El Concilio Vaticano II sintetizó esta comprensión afirmando que: “Las
verdades reveladas por Dios que se contienen y manifiestan en la Sagrada
Escritura se consignaron por inspiración del Espíritu Santo”[2]. Por
tanto, estudiar 2 Pe 1, 20-21 permite comprender cómo la Iglesia confiesa
simultáneamente a Dios como autor de la Escritura y al hombre como verdadero
autor humano.
Texto griego de 2 Pe 1, 20-21
Texto según la edición crítica Nestle-Aland 28[3]: 20
Τοῦτο πρῶτον γινώσκοντες ὅτι πᾶσα προφητεία γραφῆς ἰδίας ἐπιλύσεως οὐ γίνεται· 21
οὐ γὰρ θελήματι ἀνθρώπου ἠνέχθη ποτέ προφητεία, ἀλλ᾽ ὑπὸ πνεύματος ἁγίου
φερόμενοι ἐλάλησαν ἀπὸ θεοῦ ἄνθρωποι.
Traducción Biblia de Jerusalén (2019): 20 Pero, ante todo, tened presente que ninguna profecía de la Escritura
puede interpretarse por cuenta propia, 21 pues nunca profecía alguna fue fruto
de la voluntad humana. Los profetas fueron hombres que hablaban de parte de
Dios movidos por el Espíritu Santo[4].
Traducción Reina-Valera (1960): 20 entendiendo primero esto, que ninguna profecía de la Escritura es de
interpretación privada, 21 porque nunca la profecía fue traída por voluntad
humana, sino que los santos hombres de Dios hablaron siendo inspirados por el
Espíritu Santo[5].
Traducción Biblia de Nuestro Pueblo (2008): 20
Pero deben saber ante todo que nadie puede interpretar por sí mismo una
profecía de la Escritura, 21 porque la profecía nunca sucedió por iniciativa
humana, sino que los hombres de Dios hablaron movidos por el Espíritu Santo[6].
1. Contexto histórico y literario
La Segunda Carta de Pedro forma parte del grupo de escritos conocidos
como cartas católicas. A diferencia de las cartas dirigidas a comunidades
particulares, estos escritos poseen un horizonte más universal y buscan
responder a situaciones generales de la vida cristiana.

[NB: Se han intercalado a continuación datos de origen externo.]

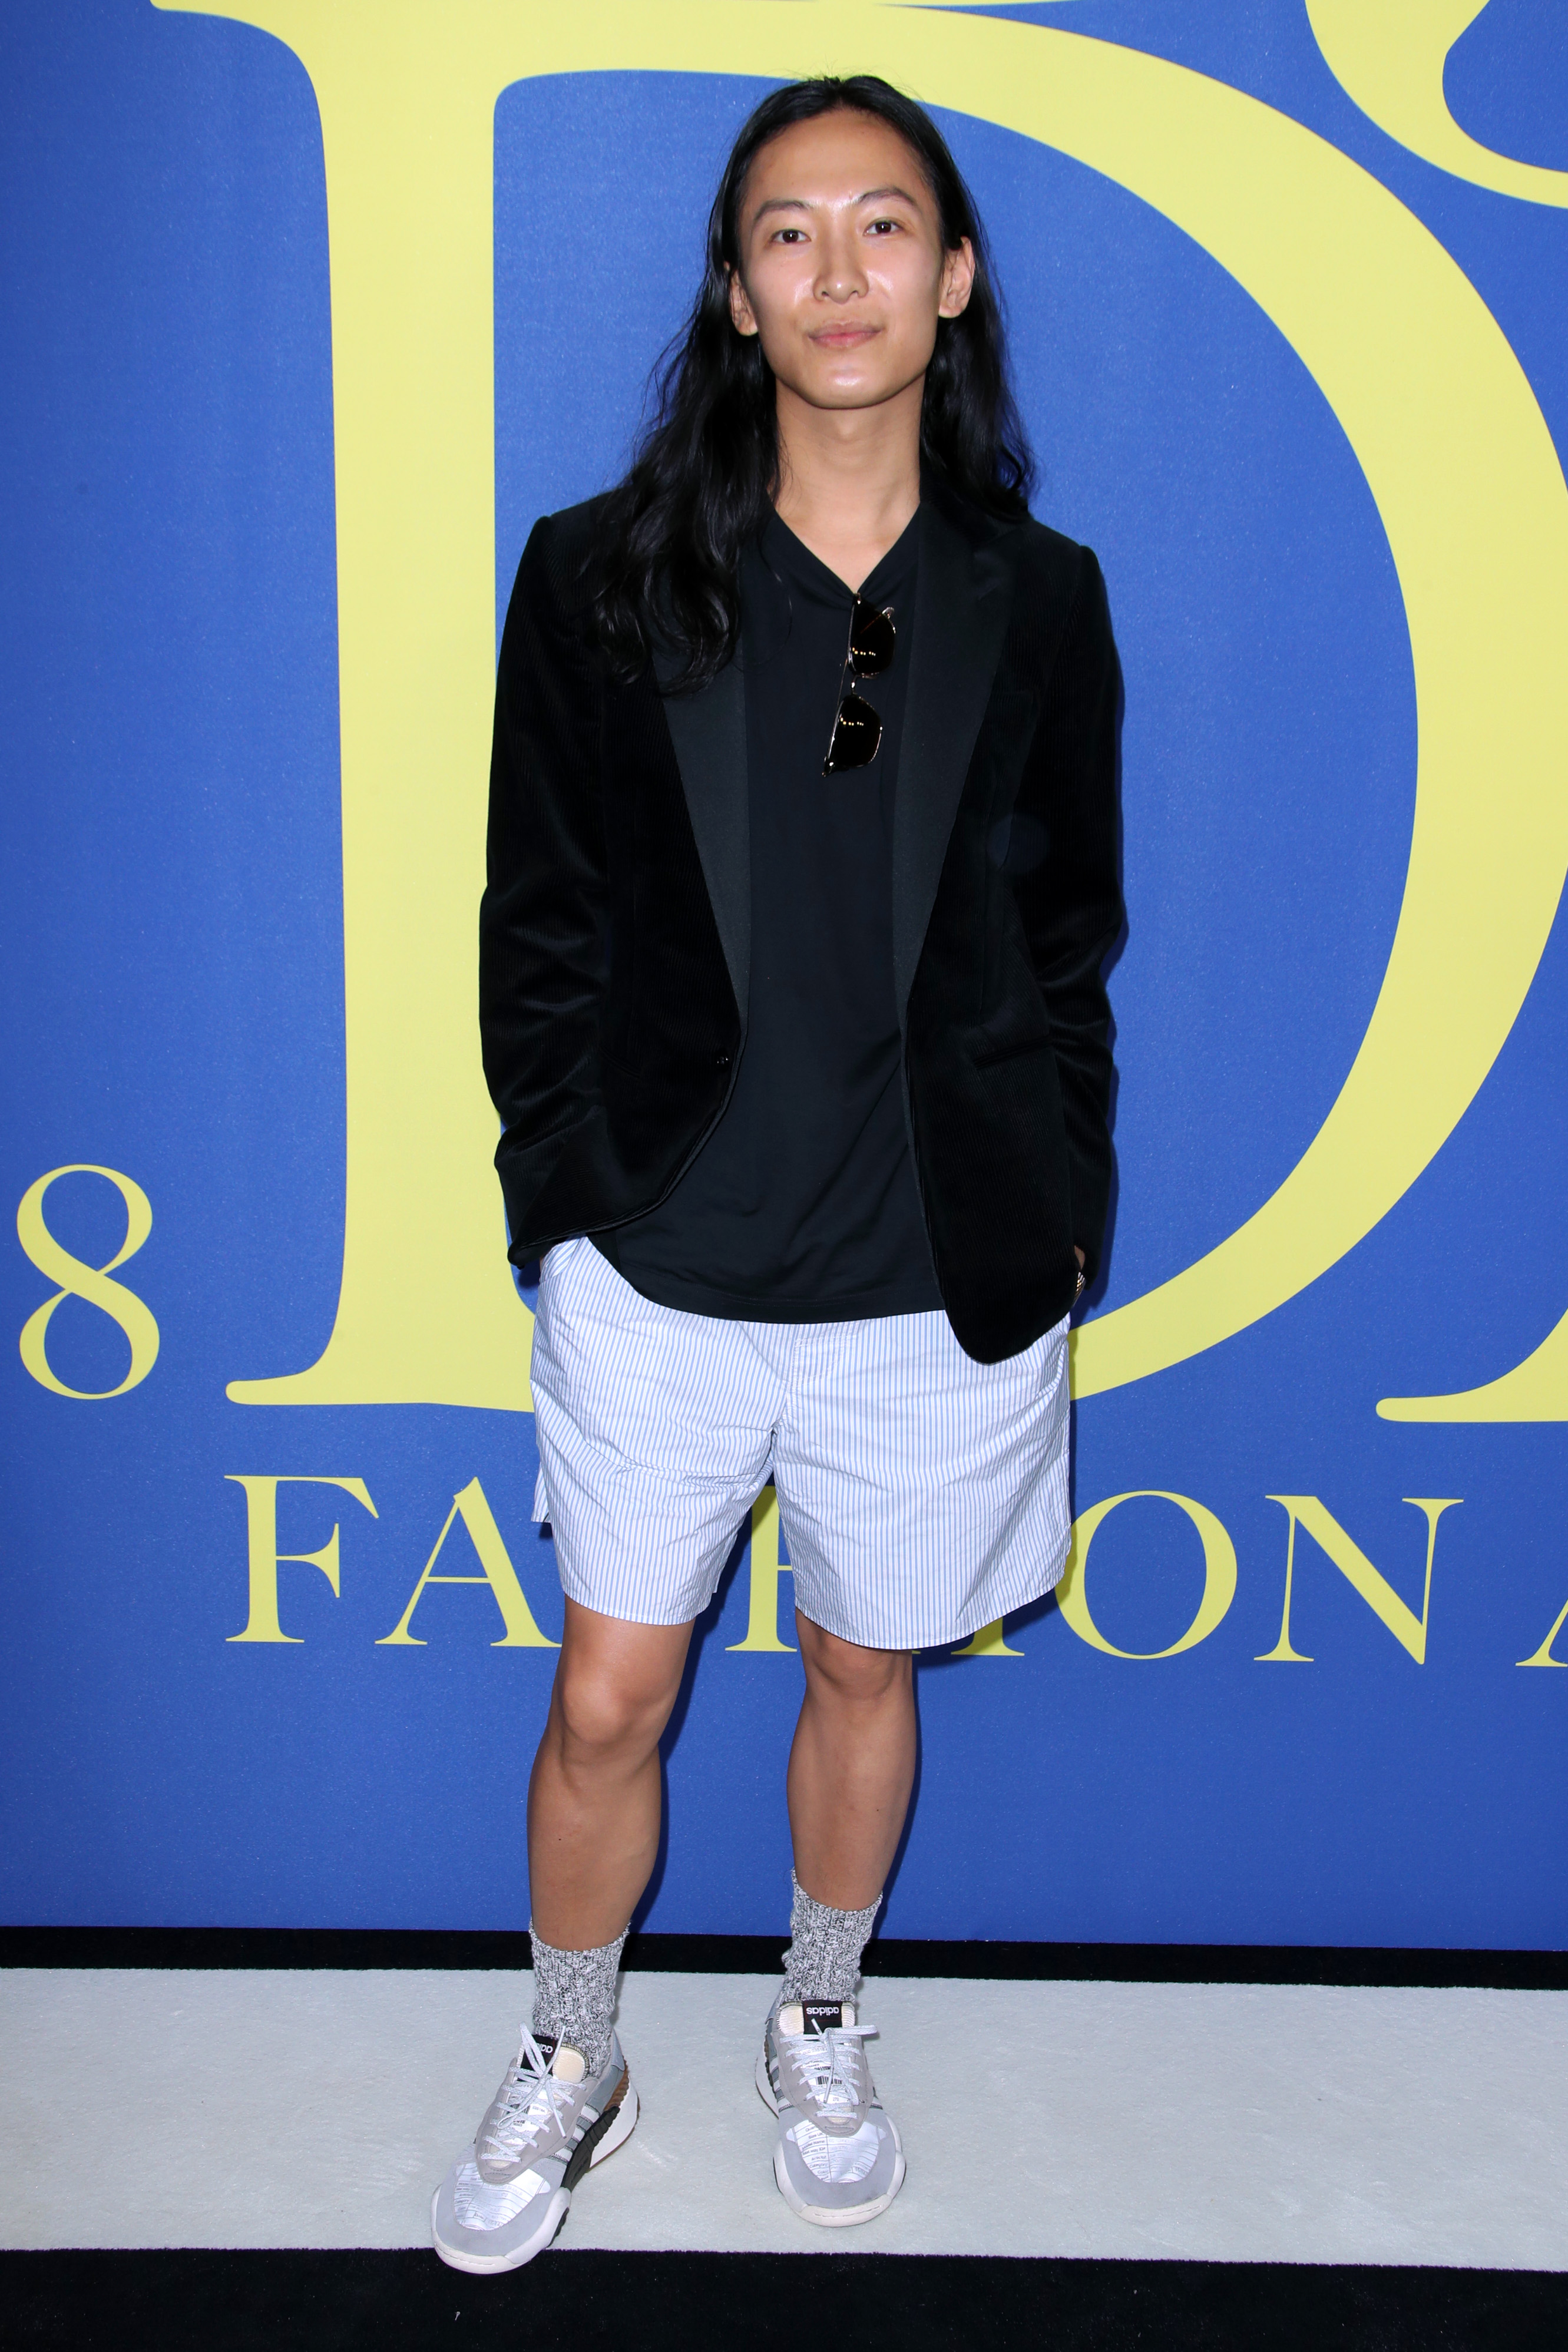 Alexander Wang, CFDA Fashion Awards, Arrivals, New York, USA - 04 Jun 2018

El contexto inmediato de 2 Pedro está marcado por la preocupación ante
falsos maestros y ante quienes cuestionaban la esperanza escatológica
cristiana, especialmente la venida gloriosa del Señor (cf. 2 Pe 3, 3-4). Johann
Michl señala que la finalidad fundamental de esta carta es fortalecer a los
creyentes en la esperanza cristiana y recordarles que dicha esperanza no se
fundamenta en invenciones humanas, sino en la acción salvadora de Dios[7].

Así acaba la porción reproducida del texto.